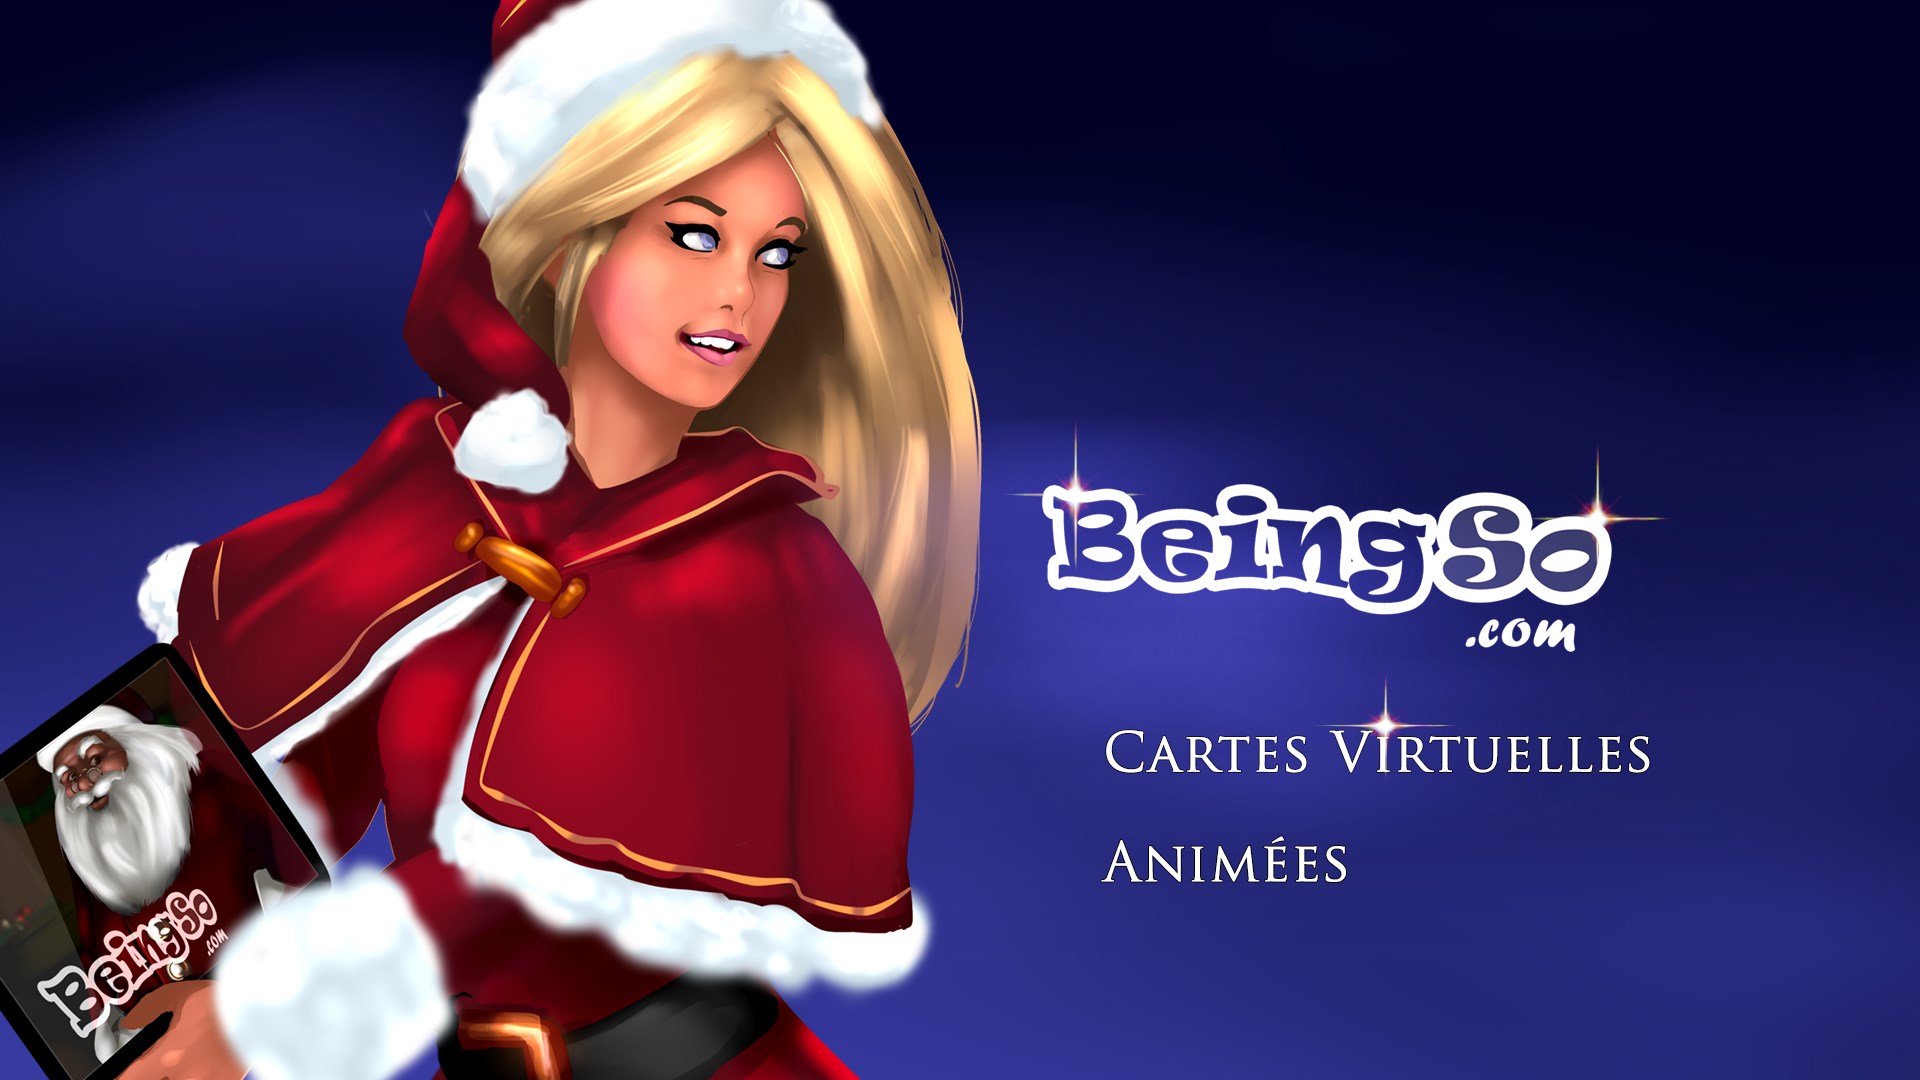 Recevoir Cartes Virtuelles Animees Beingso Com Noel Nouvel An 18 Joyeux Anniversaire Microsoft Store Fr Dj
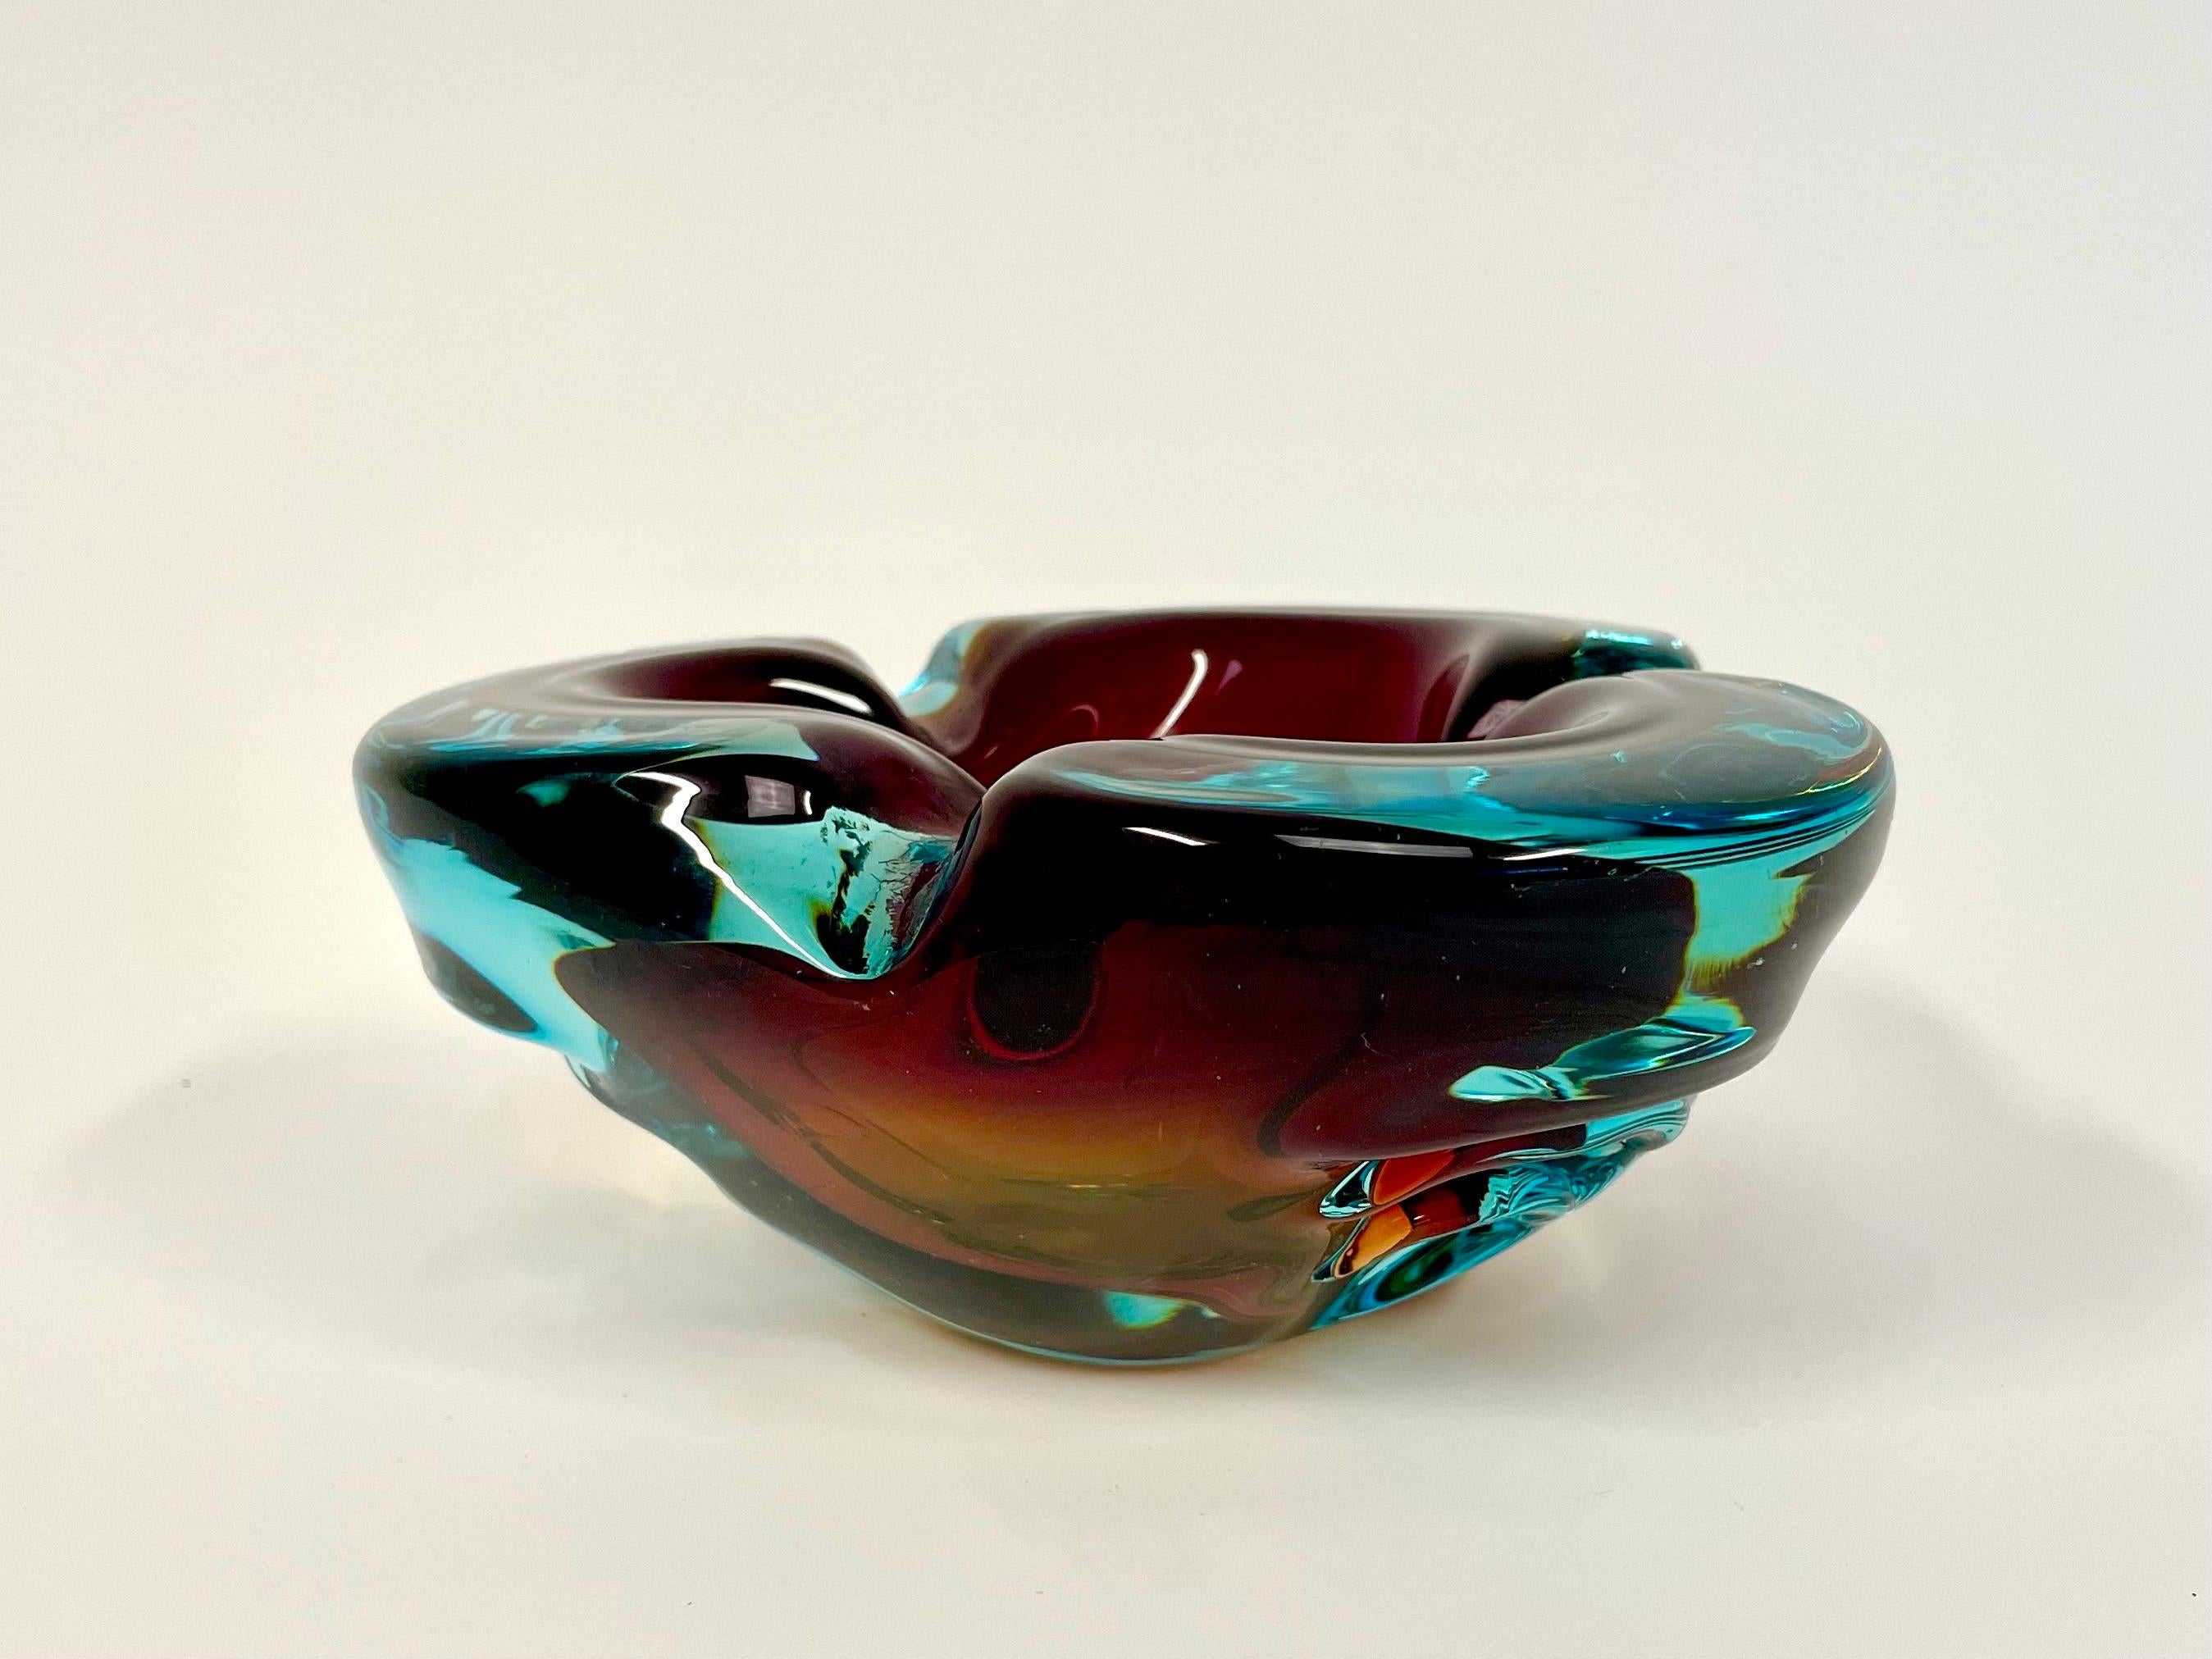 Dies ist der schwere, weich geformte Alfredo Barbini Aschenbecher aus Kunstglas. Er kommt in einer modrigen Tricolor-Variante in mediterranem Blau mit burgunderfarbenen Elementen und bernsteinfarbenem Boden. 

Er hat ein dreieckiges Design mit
--*--
§ ACTIVITY:
Would you repeat the material exactly, keeping out any pictures?

§ SOLVED PROBLEM:
 Recevoir Cartes Virtuelles Animees Beingso Com Noel Nouvel An 18 Joyeux Anniversaire Microsoft Store Fr Dj
 Dies ist der schwere, weich geformte Alfredo Barbini Aschenbecher aus Kunstglas. Er kommt in einer modrigen Tricolor-Variante in mediterranem Blau mit burgunderfarbenen Elementen und bernsteinfarbenem Boden. 

Er hat ein dreieckiges Design mit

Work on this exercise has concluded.